* Given material
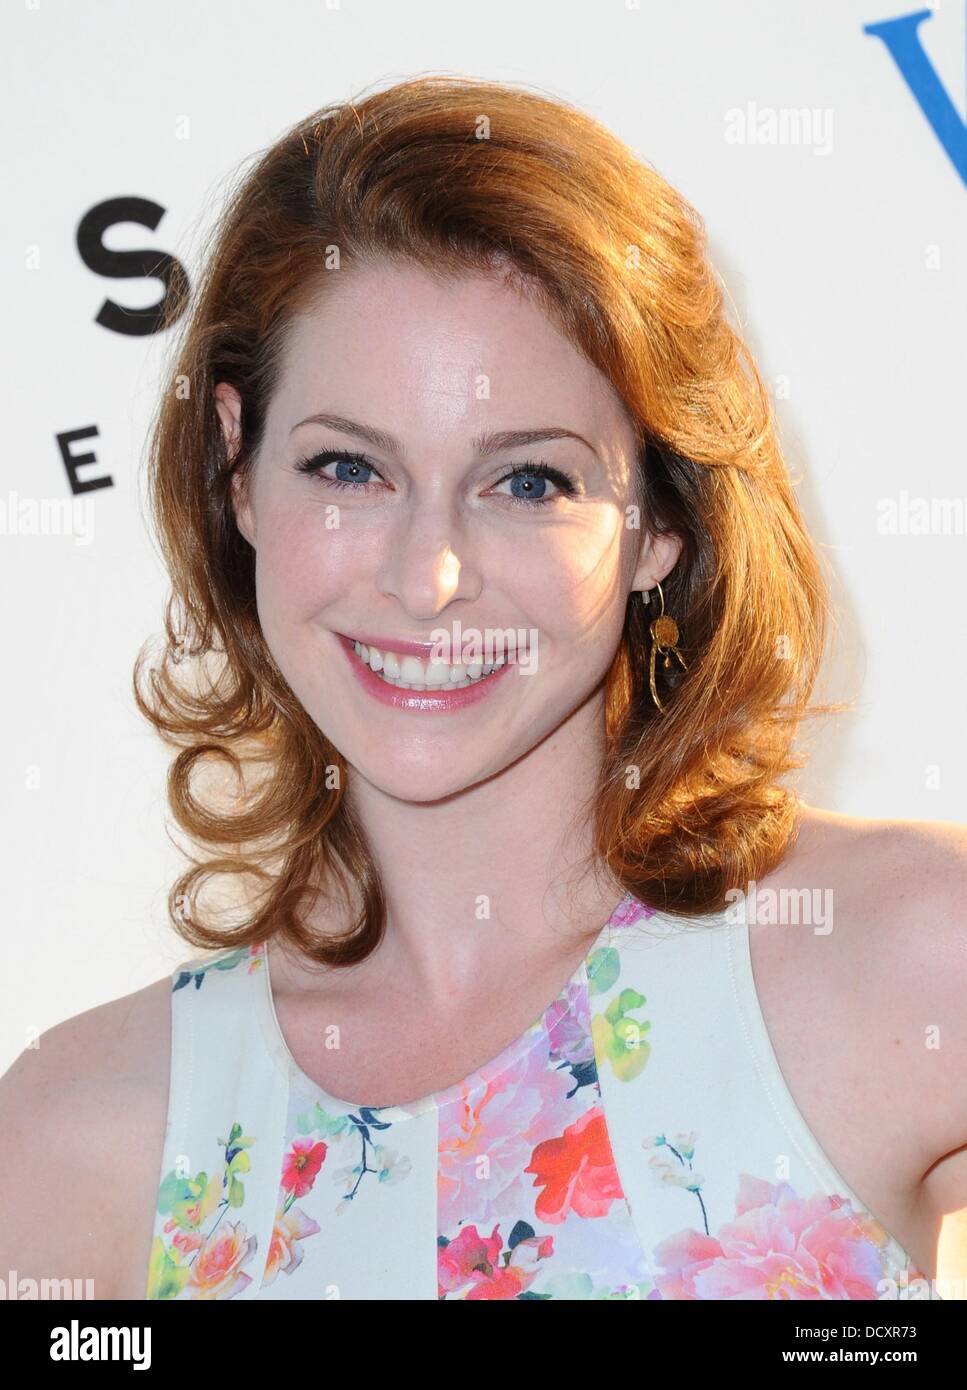 Los Angeles, CA. 21st Aug, 2013. Esme Bianco at arrivals for THE WORLD'S END Premiere, ArcLight Cinemas' Cinerama Dome, Los Angeles, CA August 21, 2013. Credit:  Dee Cercone/Everett Collection/Alamy Live News Stock Photo
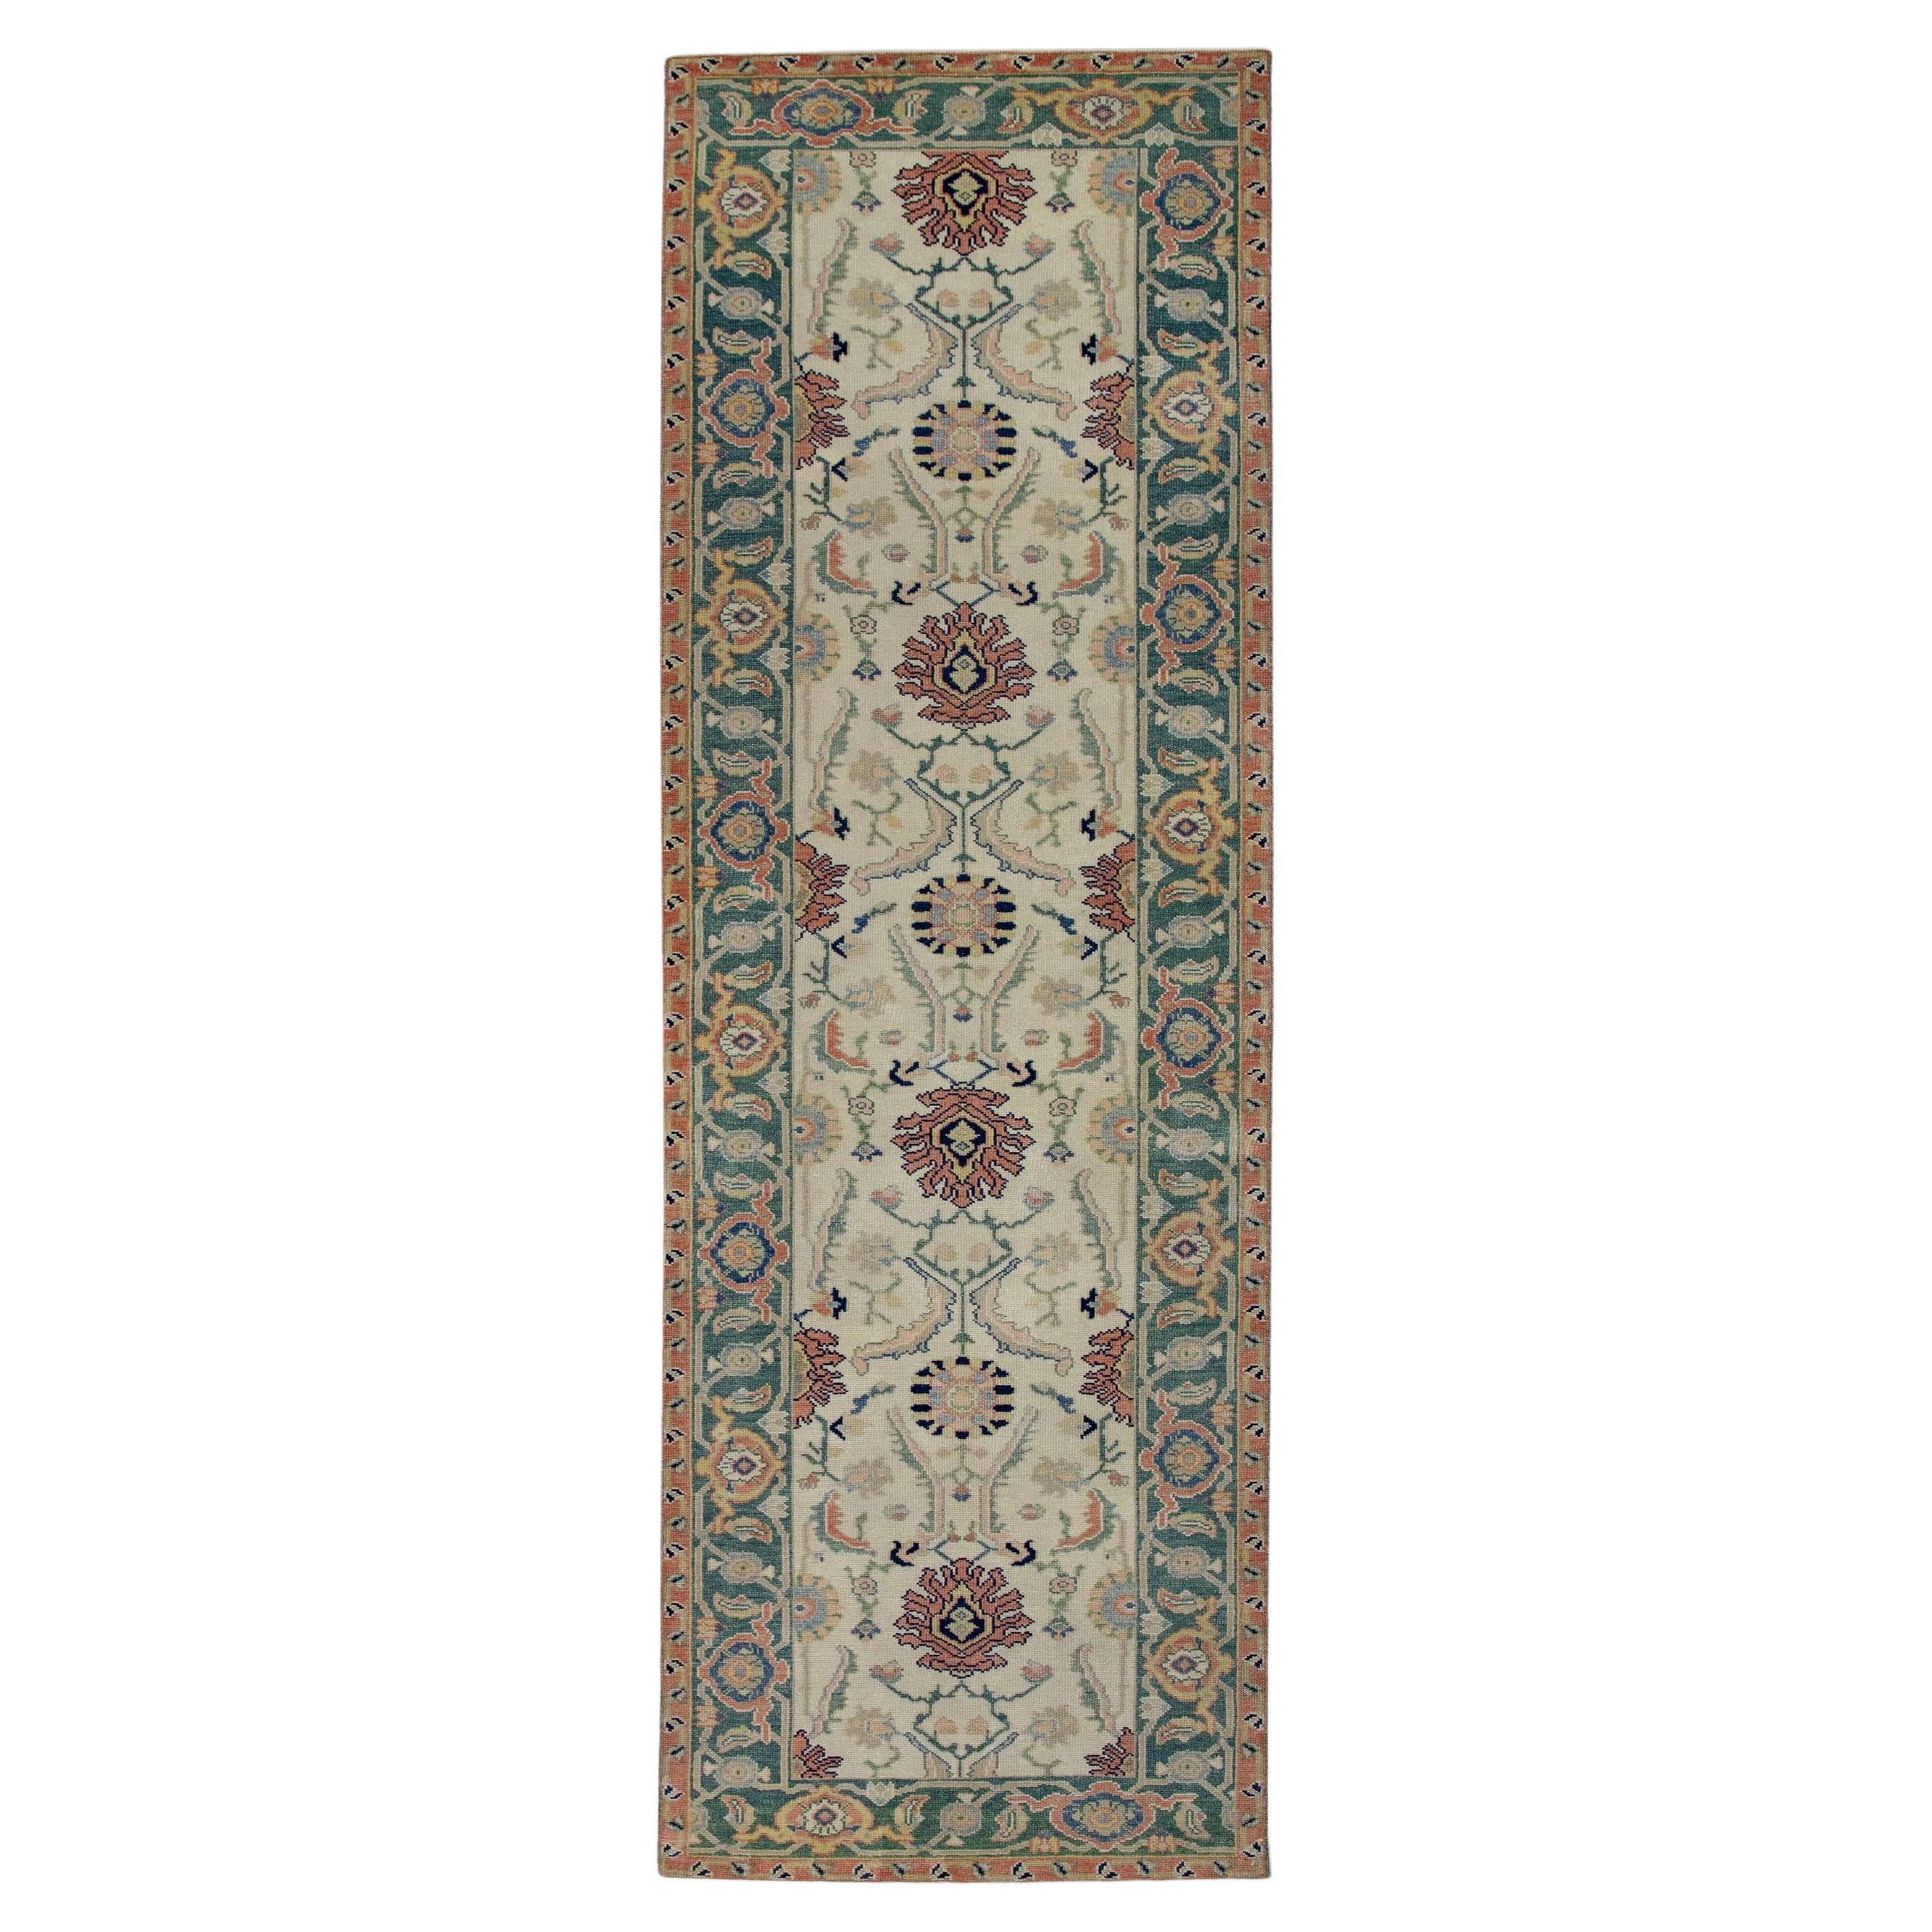 Floral Wool Turkish Finewoven Oushak Rug in Red, Cream, and Green 2'7" x 9'6" For Sale
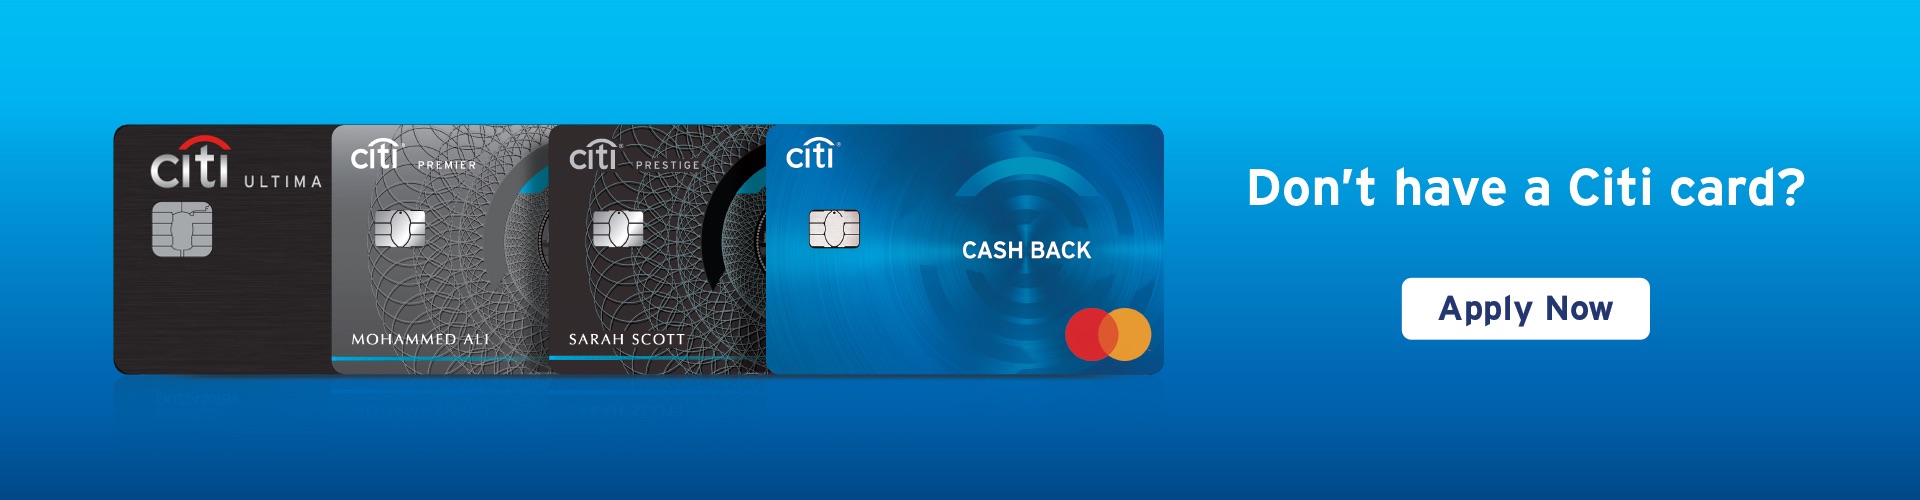 Don't have a Citi card?
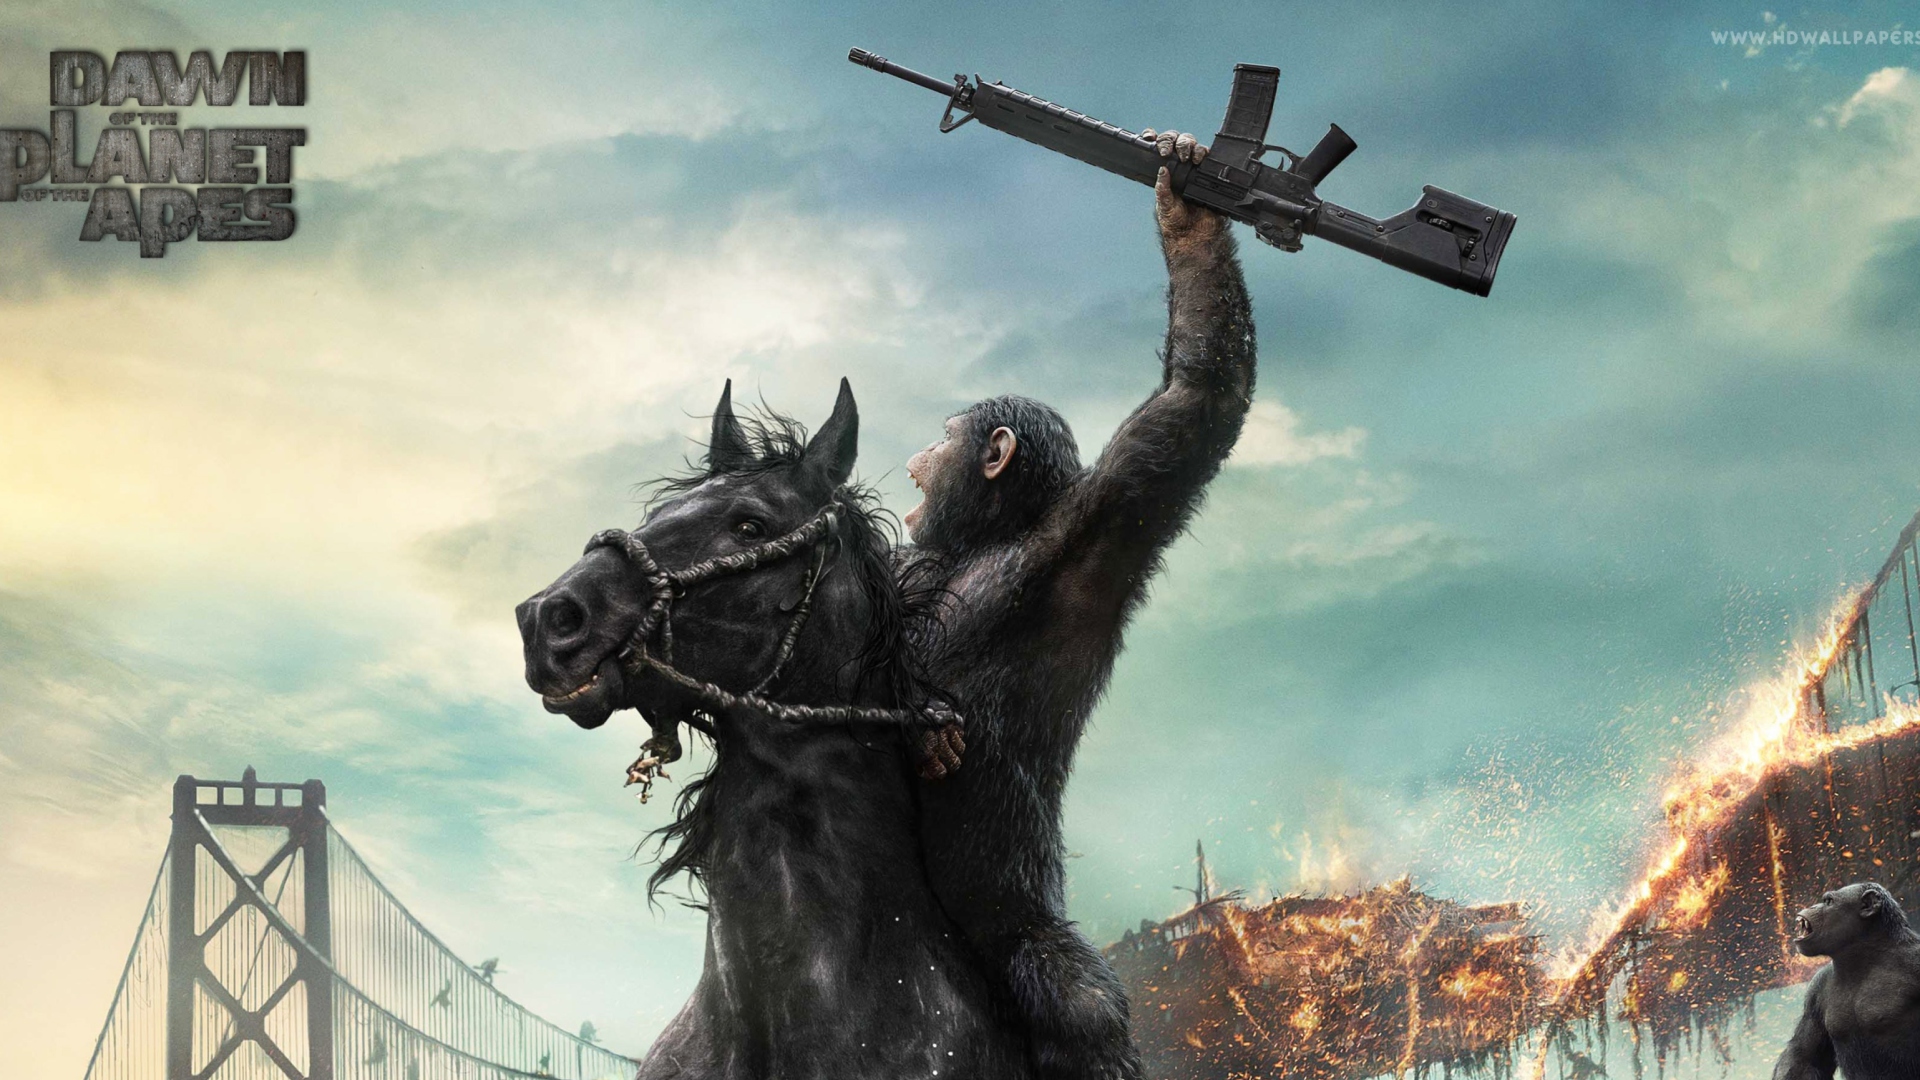 Dawn Of The Planet Of The Apes Movie screenshot #1 1920x1080

* Required action
Repeat the listing in full and exactly. Leave any pictures out.

* Answer to this exercise
 Los Angeles, CA. 21st Aug, 2013. Esme Bianco at arrivals for THE WORLD'S END Premiere, ArcLight Cinemas' Cinerama Dome, Los Angeles, CA August 21, 2013. Credit:  Dee Cercone/Everett Collection/Alamy Live News Stock Photo
 Floral Wool Turkish Finewoven Oushak Rug in Red, Cream, and Green 2'7" x 9'6" For Sale
 Don't have a Citi card?
 Dawn Of The Planet Of The Apes Movie screenshot #1 1920x1080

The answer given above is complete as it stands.